Die Leidenschaft für Motorsport steckt bei der Landgraf Group in der DNA. Mit der Teilnahme an den deutschen GT‑Meisterschaften erreichen die Logistiker ein neues Niveau.
Die Rennen mit der Mamba.
„Wir fangen hier nicht bei null an“, sagt Tom Herzmann, der im Management der Landgraf Group tätig ist. Das Unternehmen hat sich auf Logistik, Lagerung und Transport spezialisiert. Zum Brot- und Buttergeschäft gehört zum Beispiel ein Linienverkehr zwischen dem norddeutschen Buxtehude und dem Firmenstandort Gensingen in Rheinhessen, wo den Logistikern große Flächen für Lagerung und Kommissionierung zur Verfügung stehen. Für Tom Herzmann geht es heute aber um eine ganz andere Leidenschaft: Mit der Teilnahme an den ADAC GT Masters erreicht die Motorsportsparte der Landgraf Group ein neues Level. 20 Teams mit Supersportwagen verschiedener Hersteller konkurrieren in dieser Rennserie.
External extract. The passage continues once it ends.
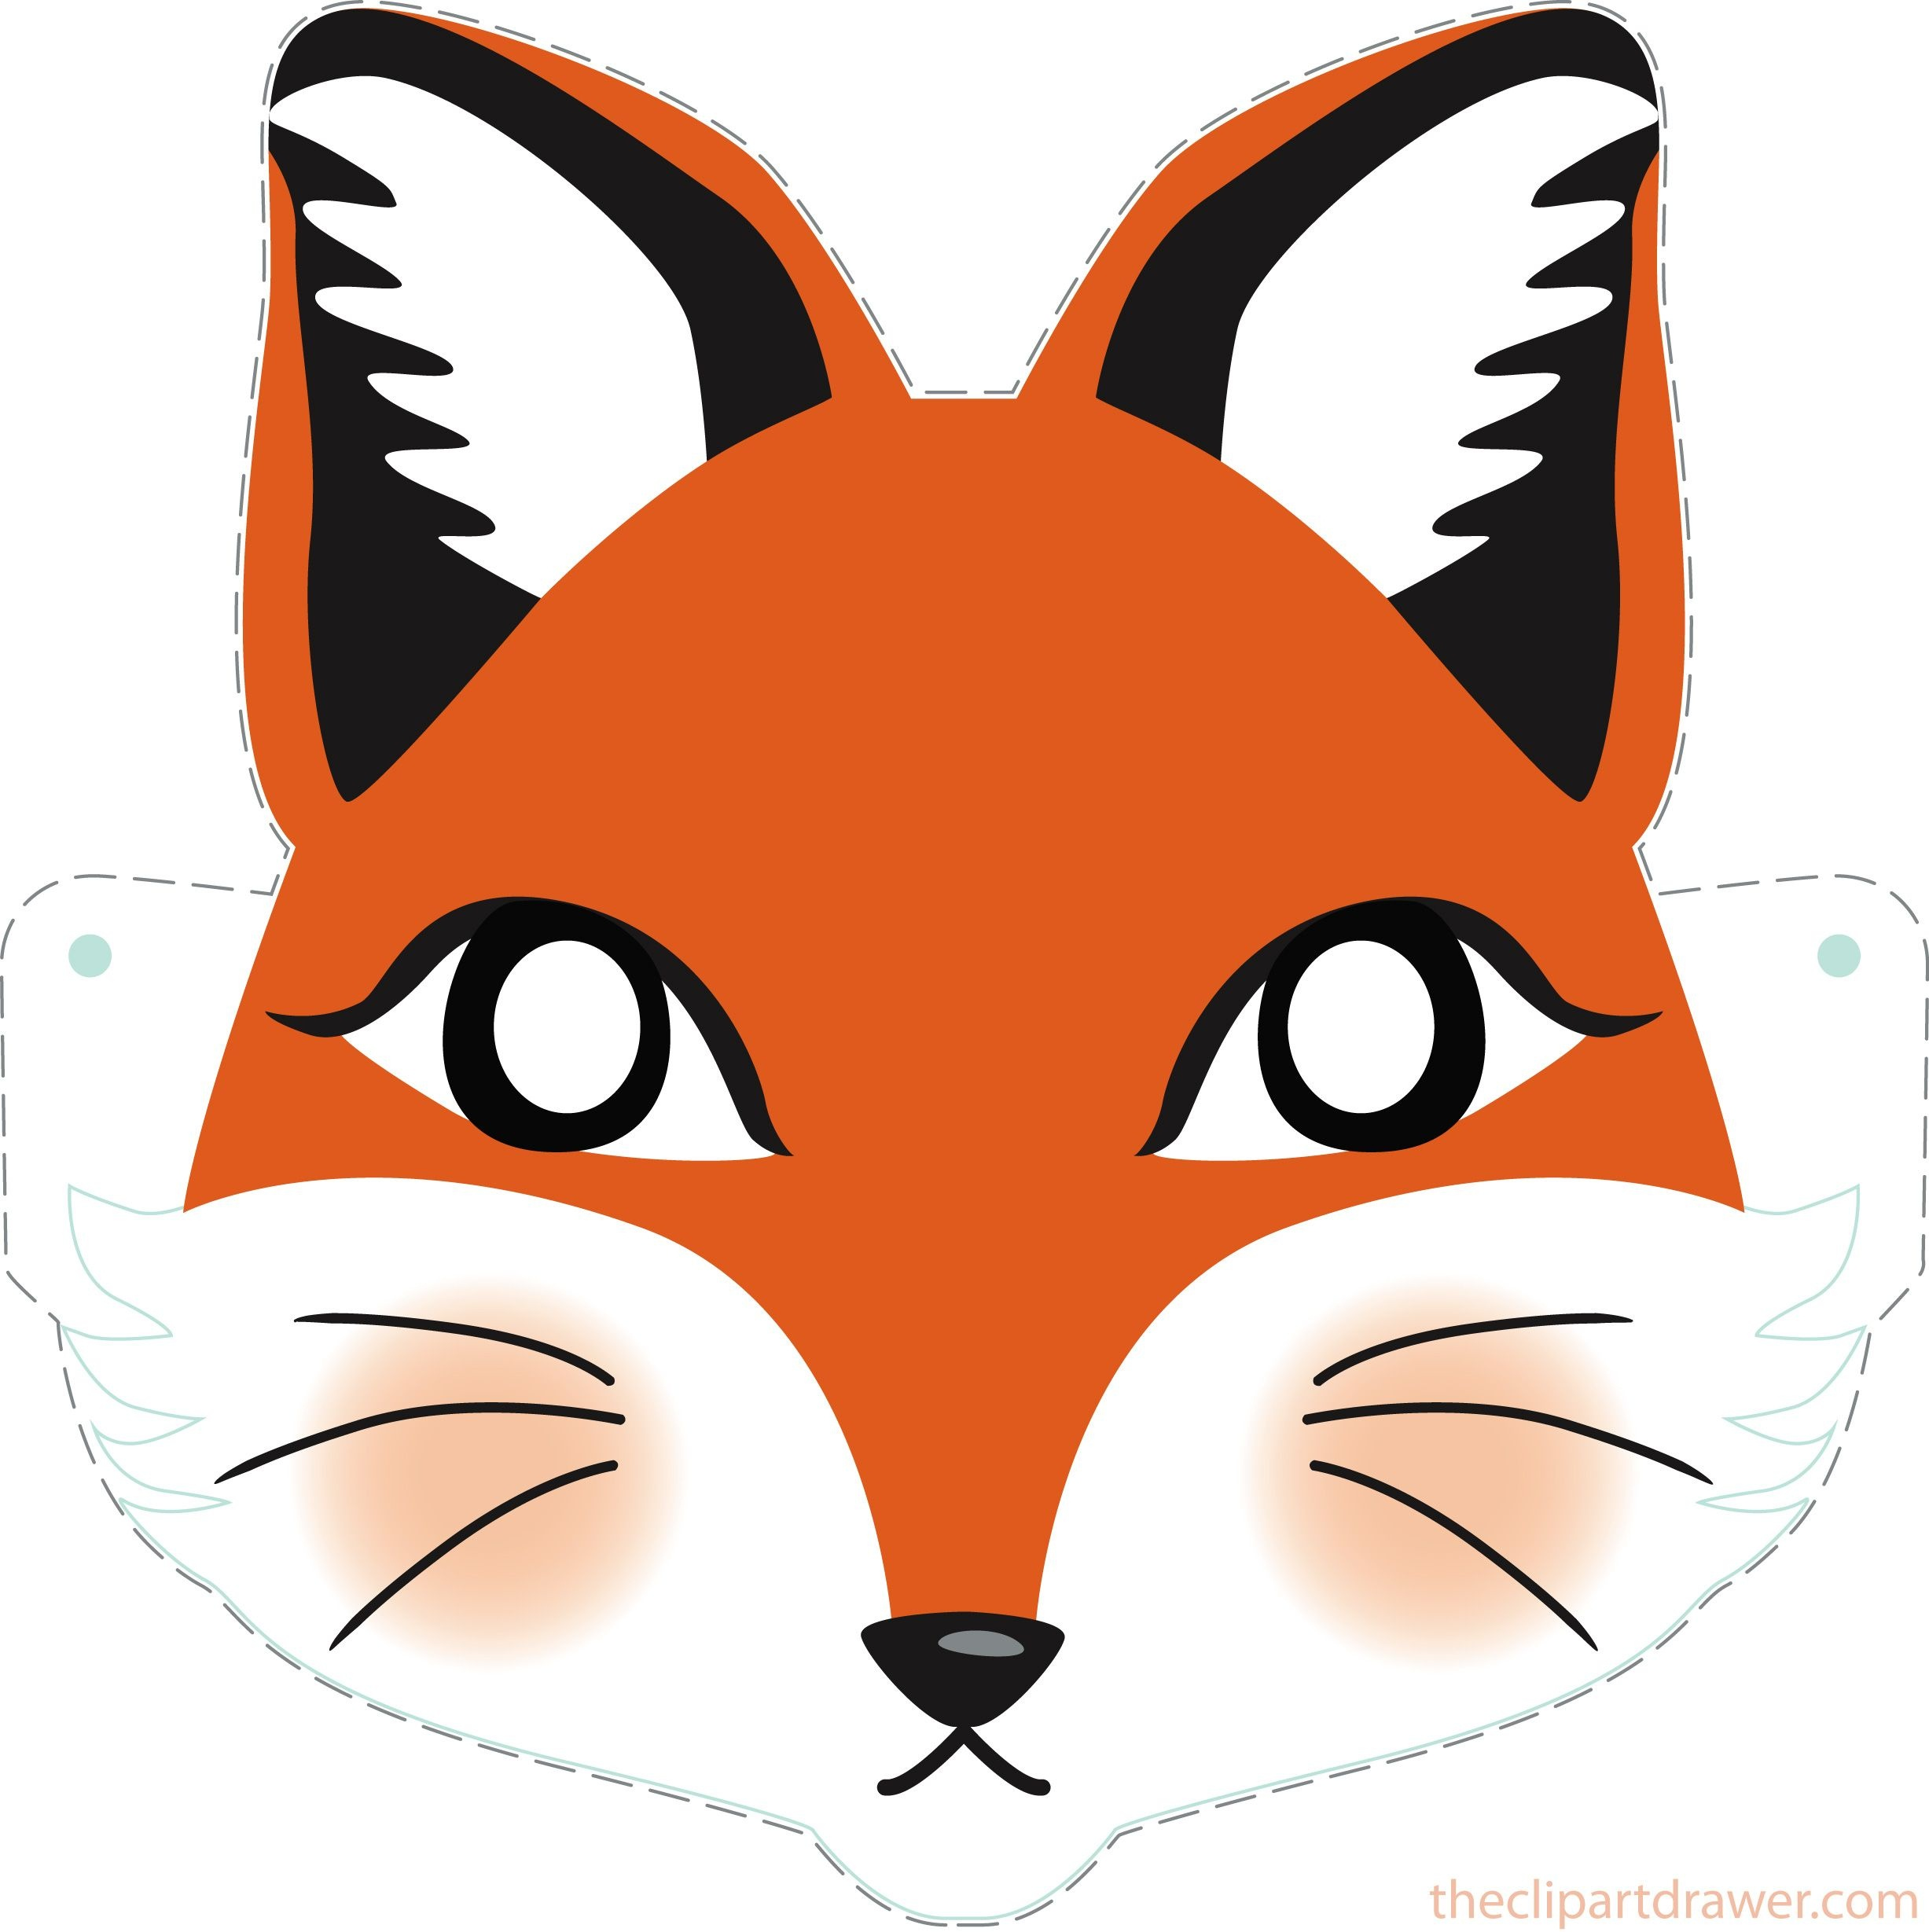 Diy Fox Printable Mask For Kids - Clipart Drawer | Diy | Printable - Free Printable Fox Mask Template

Acht Wochen hatte das Team Zeit, sich auf die Saison vorzubereiten. Der Aufwand hat sich gelohnt: Schon beim Rennauftakt in Oschersleben feierte es den ersten Sieg.
Auf Herzmanns Schreibtisch stehen sechs Miniatur-Actros im Modellformat. Der Bayer kam als Logistiker zum Motorsport und fuhr gelegentlich auch Lkw. Mit der Zeit übernahm er immer mehr Aufgaben – bis ihn Klaus Landgraf in sein Unternehmen holte.
Fahrerlager, Automobilausstellung und Büro.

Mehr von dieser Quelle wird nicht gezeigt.